**EXERCISE INSTRUCTIONS:** Where the data below shows a picture, leave that picture out and copy the rest exactly.

**DATA SHOWN:**
________________________________________

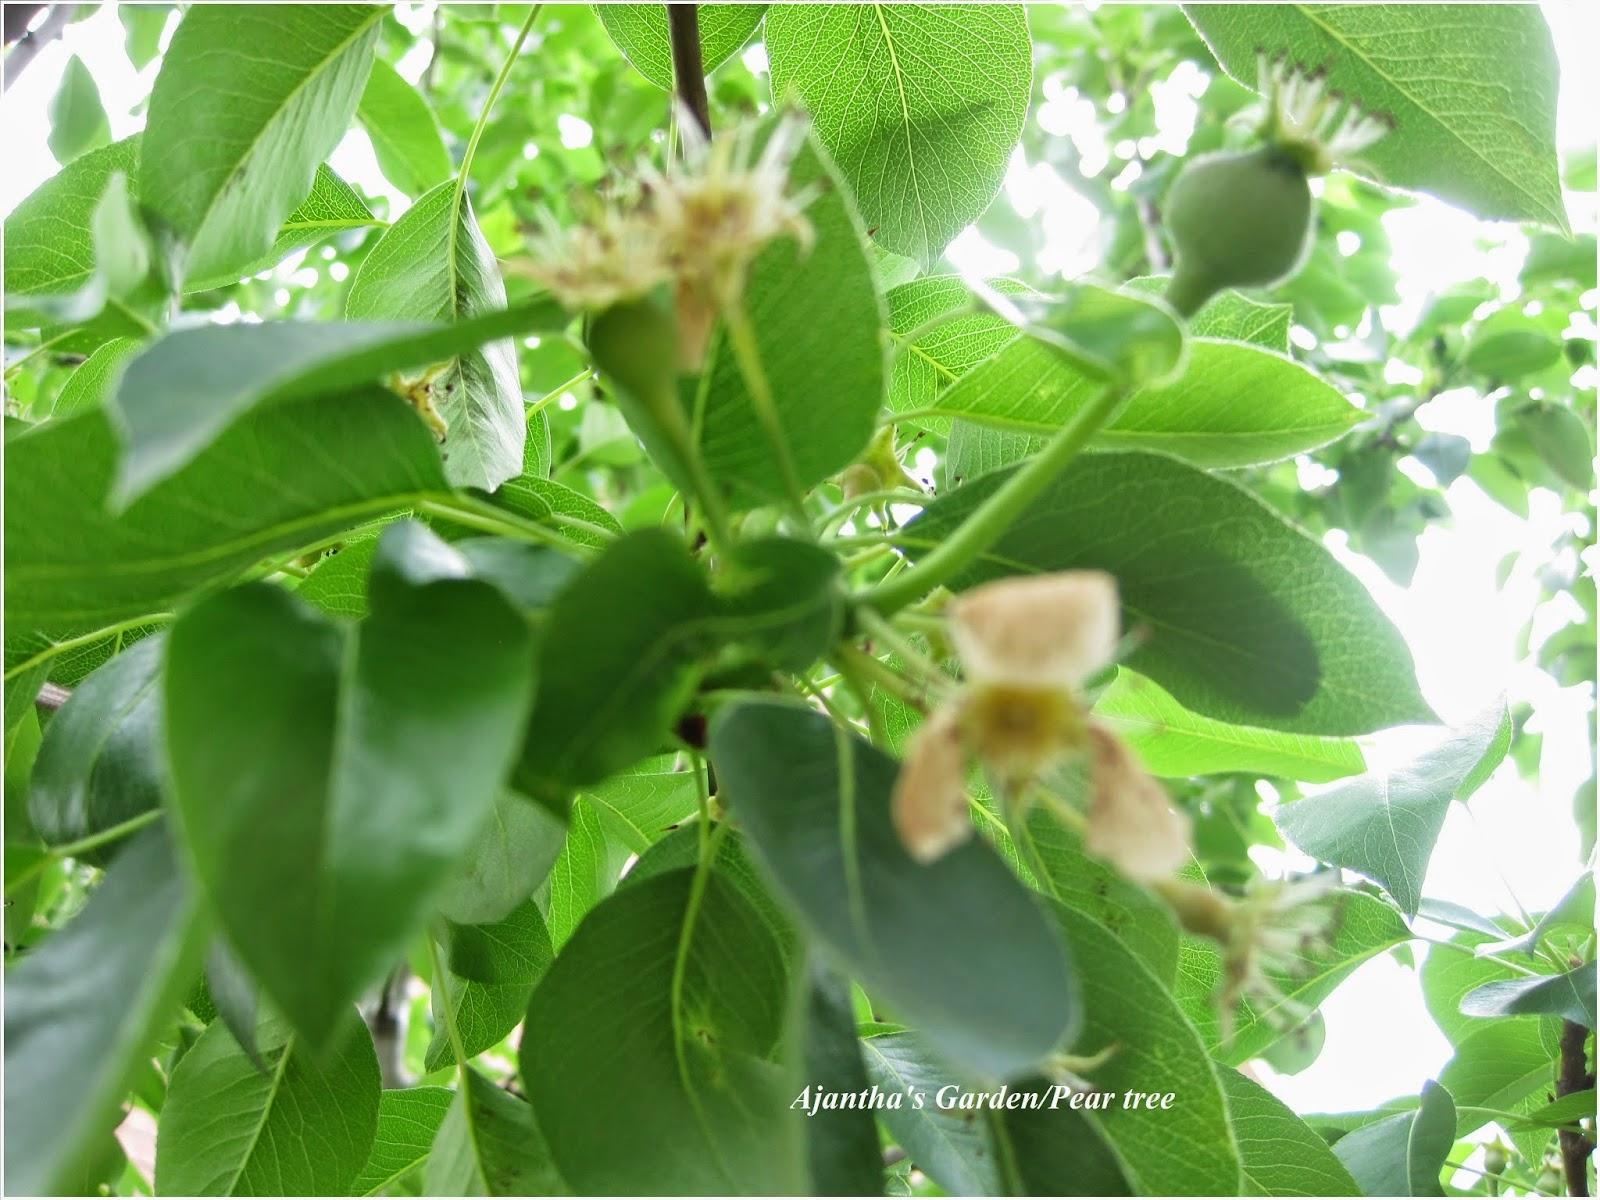 Ajantha's Garden/ Pear tree
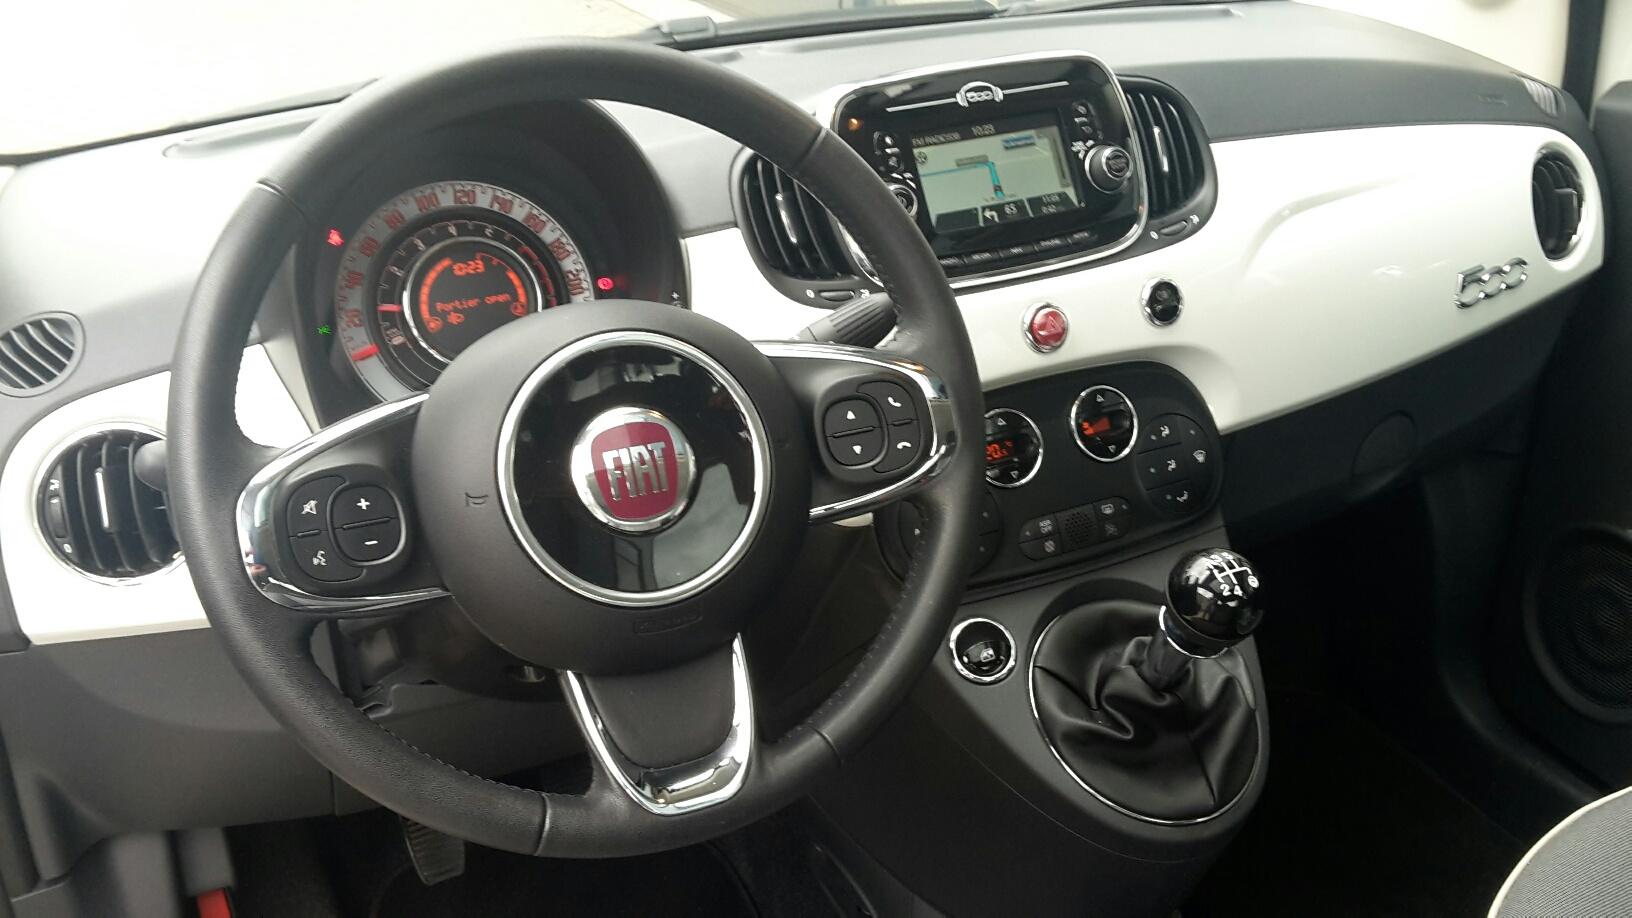 Fiat 500 TwinAir Lounge 80
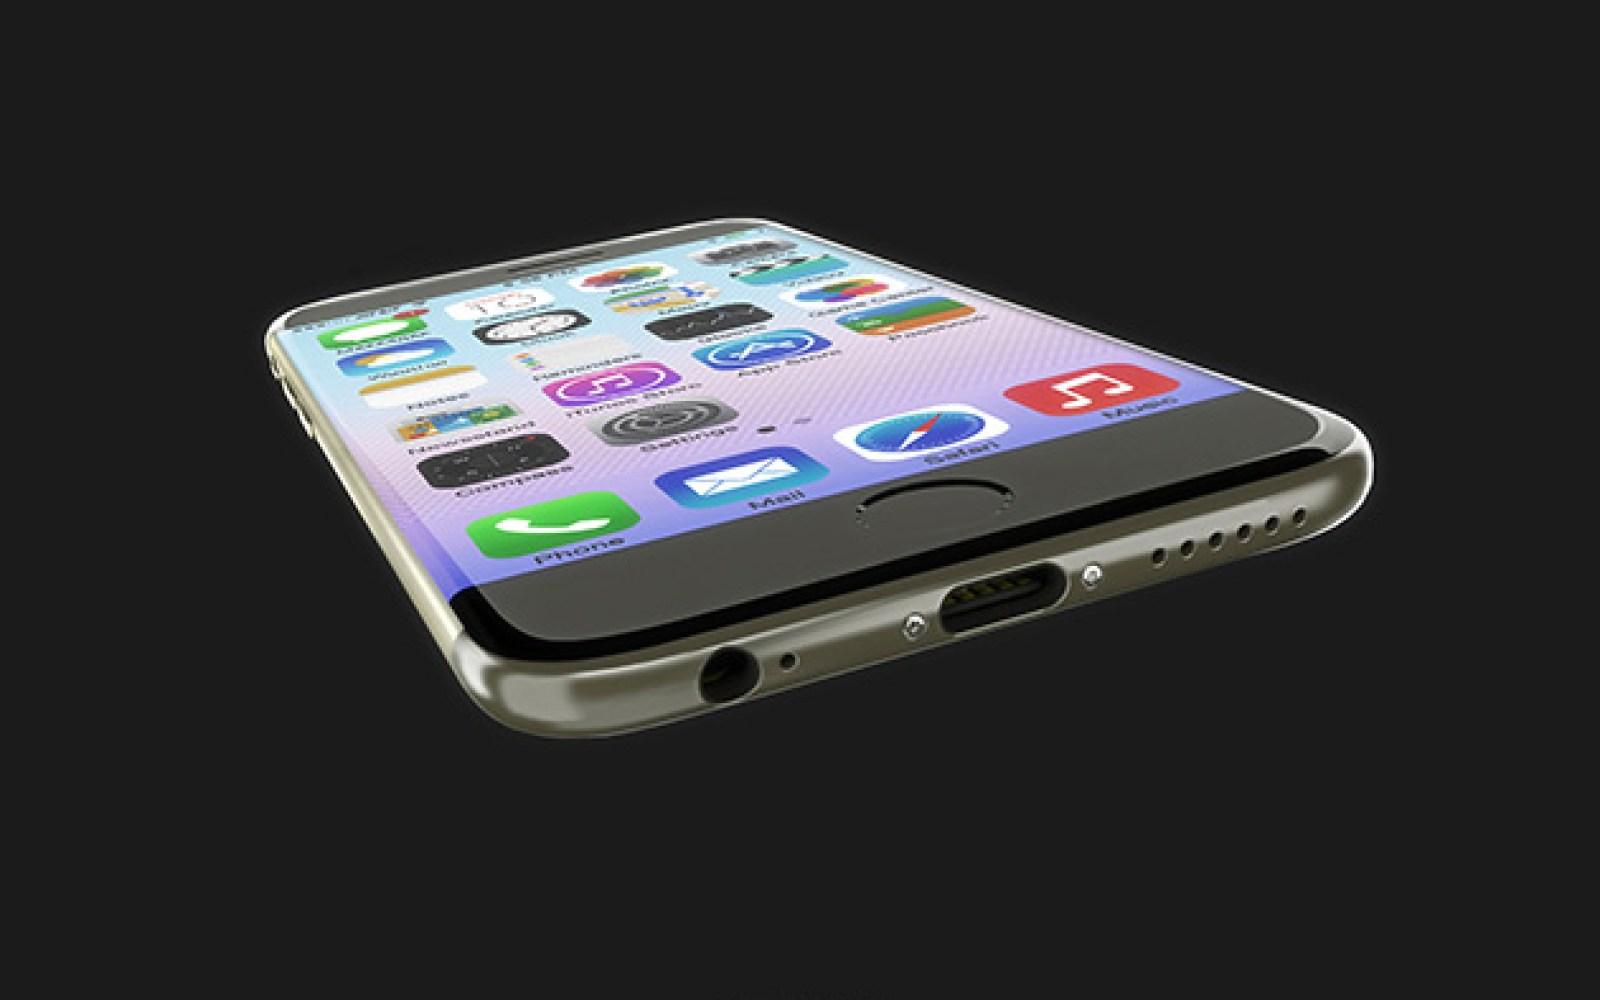 The latest iPhone 6 design renders from Ukraine

________________________________________

**EXPECTED ANSWER:**
 Ajantha's Garden/ Pear tree
 Fiat 500 TwinAir Lounge 80
 The latest iPhone 6 design renders from Ukraine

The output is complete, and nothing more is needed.